Au départ, il y eut un homme et de sa conscience, de sa révolte, de sa ré­flexion, de sa mobilisation intime pour l'éducation, est né un mouvement dont le point d'ancrage se situe quelque part entre citoyen à l'école et citoyen du monde.

Ainsi de Célestin Freinet à René Da­niel, de bouches à oreilles, de lettres à minitel, de fax à internet, de rencontres à congrès, s'est tissé un réseau de personnes intra et in­ter-national partageant un même but : faire émerger dans et par l'école une certaine idée de l'homme, citoyen ac­tif et vigilant.

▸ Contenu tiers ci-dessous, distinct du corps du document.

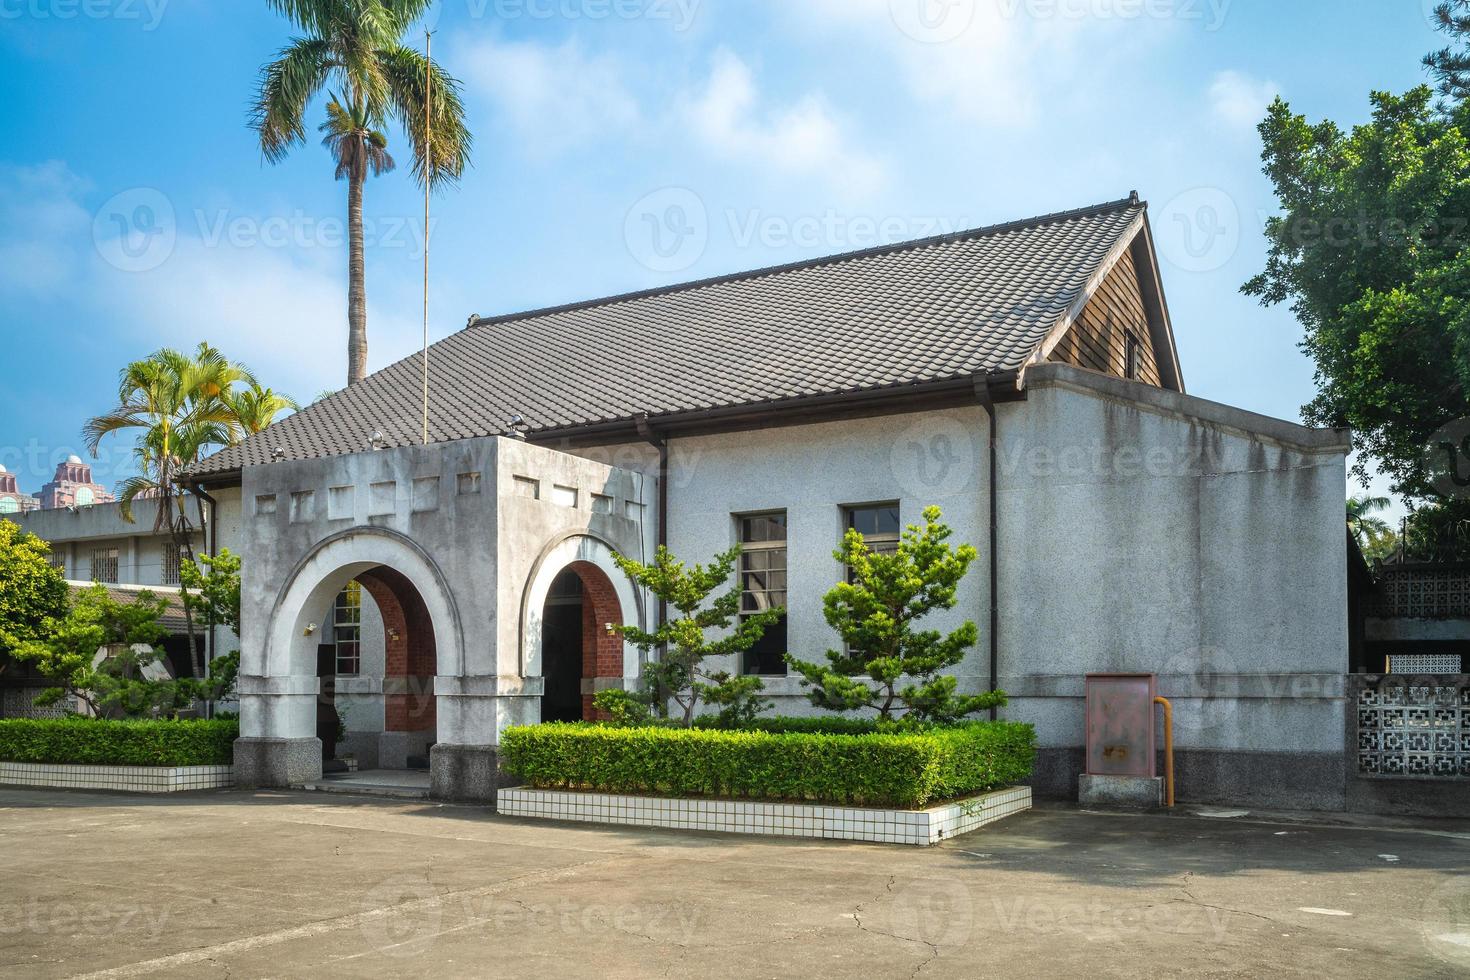 chiayi gamla fängelse, ett tidigare fängelse i Chiayi, Taiwan foto

Je n'ai pas connu cette naissance mais j'ai assisté à celle d'un autre réseau de citoyens dont la similitude avec le mouvement Freinet (et d'autres réseaux d'ailleurs) réside dans sa structure neuronale issue de l'intime : quelques personnes morale­ment choquées, révoltées par l'épuration ethnique en Bosnie se sont réunies pour "faire quelque chose". Comme les neurones se connec­tant entre eux pour permettre le pas­sage d'influx nerveux, des hommes et des femmes, par contacts personnels, ont fait naître quelques trois cents comités, collectifs ou associations, divers, autonomes, plus ou moins bien organisés, connectés entre eux dans le but de rencontrer, soutenir ceux qui en Serbie, Croatie et Bosnie tis­saient des réseaux de résistance aux ultra-nationalistes, aux purifica­teurs ethniques.

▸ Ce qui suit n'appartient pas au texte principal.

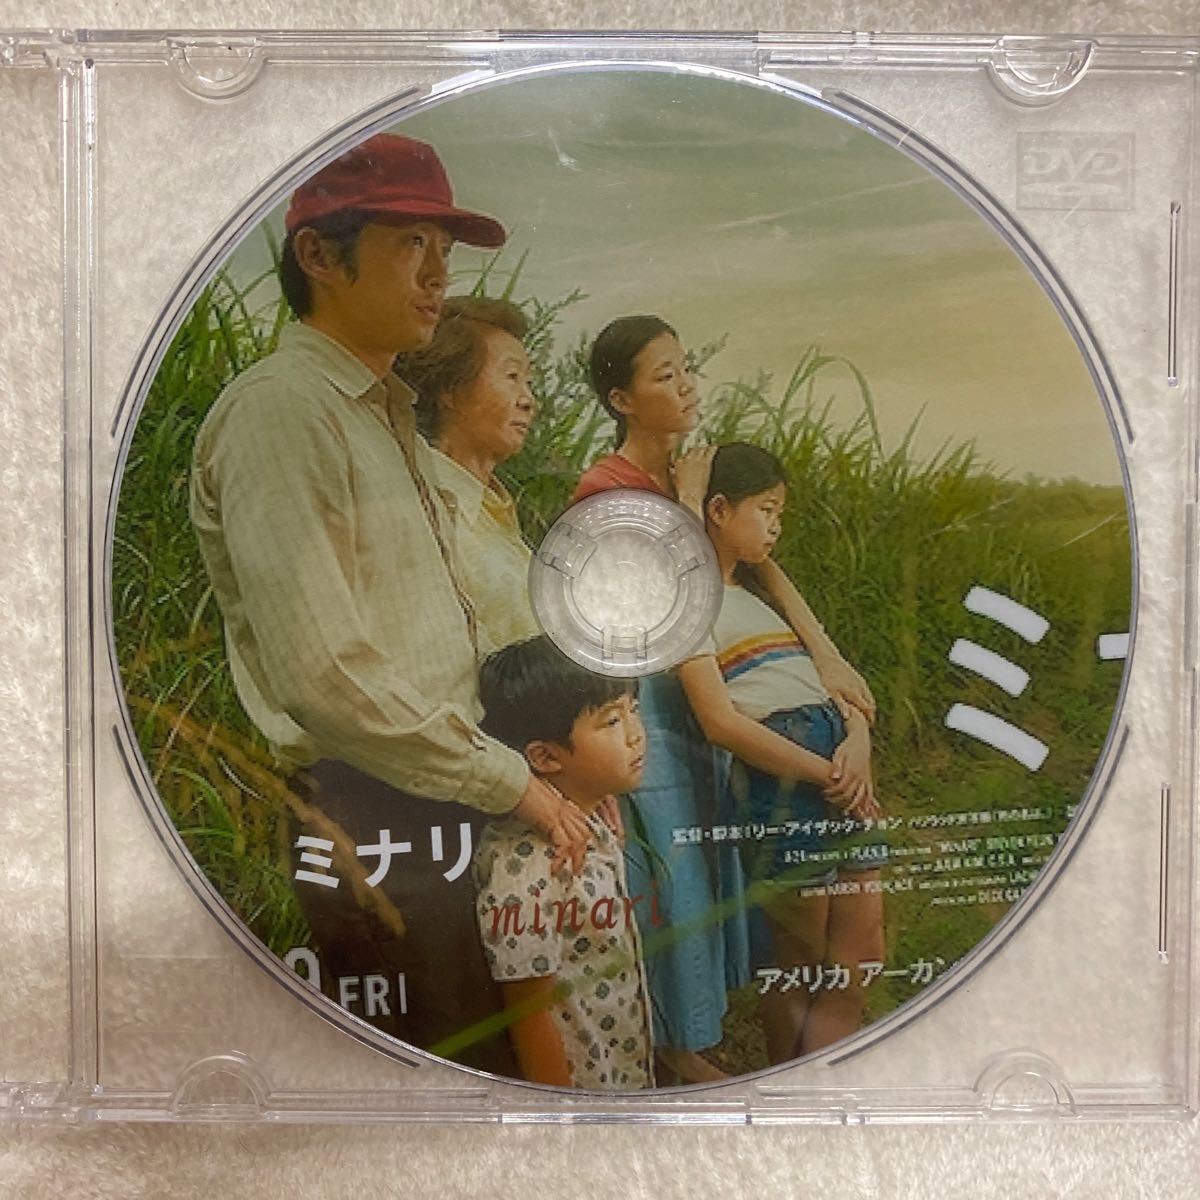 ミナリ　韓国映画DVD 日本語字幕レーベル印刷有りこちらで購入し、一度、再生しました。

Aucun de ces comités n'a la même his­toire ni les mêmes façons d'agir, chacun des collectifs comme chacun de ses membres, travaille en "autonomie citoyenne" (acteur et responsable de ses projets) dans le respect de l'esprit de ce mouvement de solida­rité : créer des échanges de personne à personne, de profession à profes­sion, d'école à école, de ville à ville pour soutenir et promouvoir le sens de la Résistance bosniaque sym­bole de toutes les autres et plus gé­néralement des grandes questions sur la citoyenneté...
Un exemple récent : la grève de la faim de deux membres du Collectif de Montpellier. Les contacts avec les différentes expressions de résistance en Bosnie se sont faits par les convois civils humanitaires, leur but étant de :
- répondre aux besoins prioritaires des habitants
- faciliter des échanges porteurs de projets.

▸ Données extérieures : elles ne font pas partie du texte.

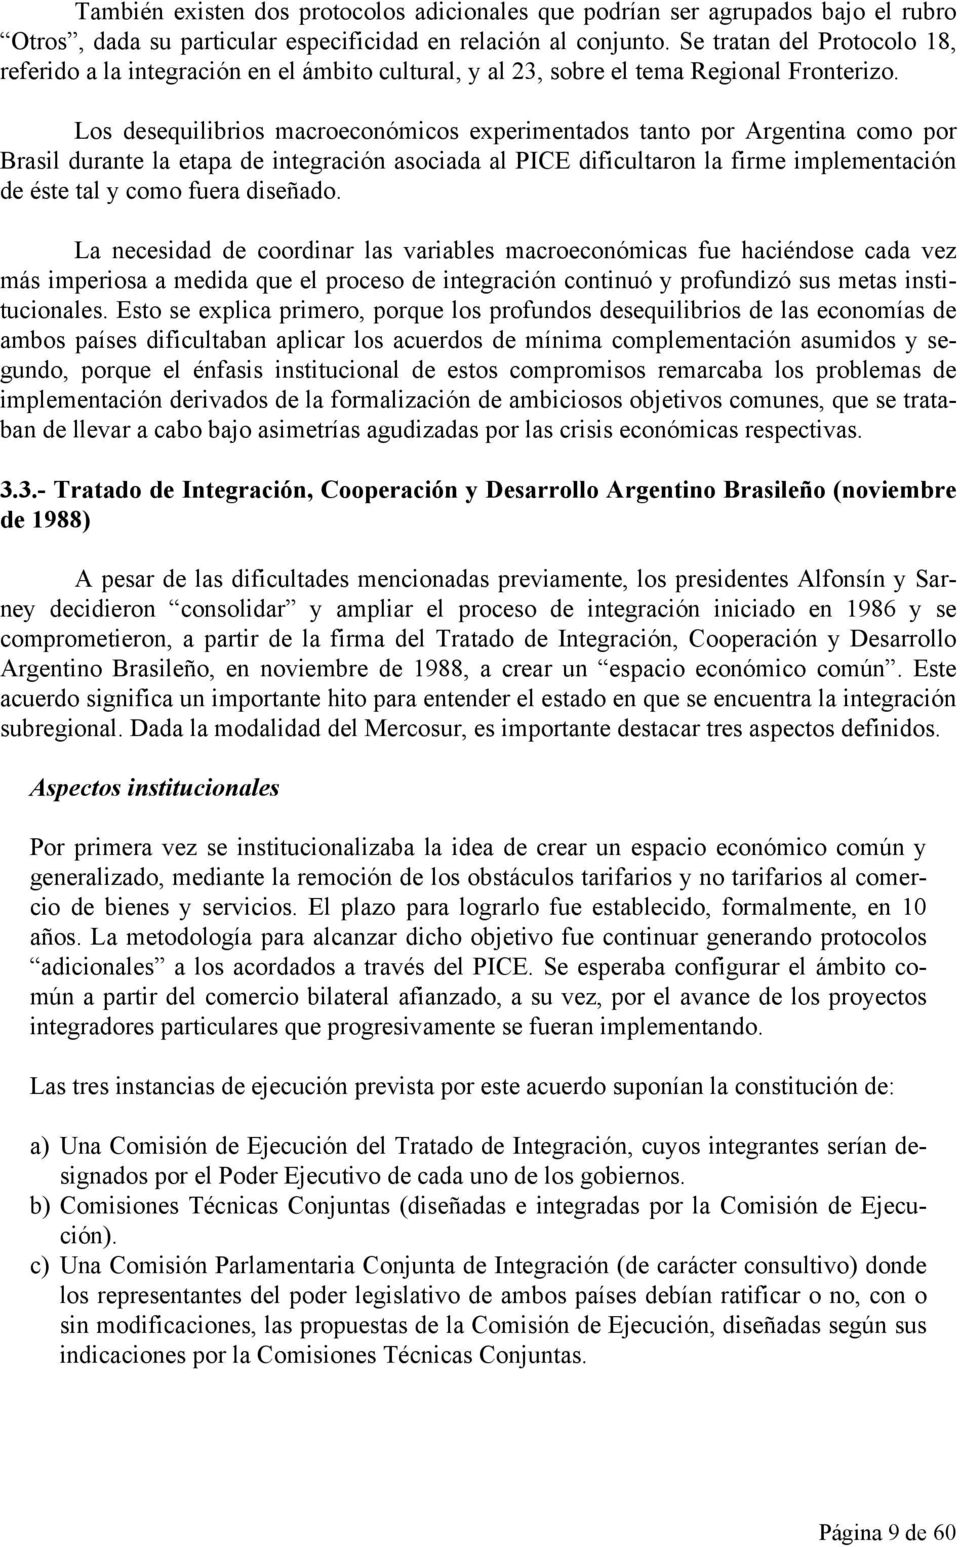 Los desequilibrios macroeconómicos experimentados tanto por Argentina como por Brasil durante la etapa de integración asociada al PICE dificultaron la firme implementación de éste tal y como fuera

Suite aux assises nationales, des collectifs ont organisé un convoi ci­vil humanitaire qui a relié Mostar, Sarajevo et Gorazde. A leur retour, frappés par l'extrême pénurie des 60000 habitants de Gorazde, deux membres du Collectif de Montpellier ont décidé de faire une grève de la faim pour demander que cette enclave retrouve des conditions de vie plus décentes (eau, électricité, télé­phone, chauffage, sécurité). Ils pro­posaient que chacun (individu, asso­ciation) écrive au Président de la République. Cette action individuelle a interpellé chacun d'entre nous, aussitôt l'influx nerveux a circulé à travers le réseau et de ce réseau à d'autres.
Au bout du quinzième jour de jeûne, ils ont obtenu l'assurance que l'eau serait rétablie, qu'un générateur puissant était en route, qu'un télé­phone fonctionnait à la mairie, que du charbon serait acheminé.
Par son désir d'agir, par son envi­ronnement immédiat de contacts et d'informations, chacun est tour à tour noyau, dentrine, axone et sy­napse, chacun participe au tissage et métissage de réseaux dont la fina­lité, à long terme, est l'émergence d'une société solidaire, citoyenne, responsable de son environnement et des communautés humaines qui la com­posent.
En tant que militant du mouvement Freinet, beaucoup parmi nous sont en relation avec un pays pour contribuer ainsi à l'établissement d'un réseau international d'éducateurs en Pédago­gie Freinet, donc porteur de cette société citoyenne.
Au regard de mon engagement dans le réseau "Citoyens, citoyennes pour la Bosnie", j'ai accepté d'être corres­pondante ICEM pour la Bosnie Herzégo­vine. Si d'autres voulaient bien de­venir correspondant ICEM pour la Ser­bie et la Croatie, nous pourrions contribuer à la reconstruction d'une société démocratique réconciliée : la peur provoque des vagues de xénopho­bie, des replis religieux.
Un réseau de citoyens solidaires peut contribuer à la paix.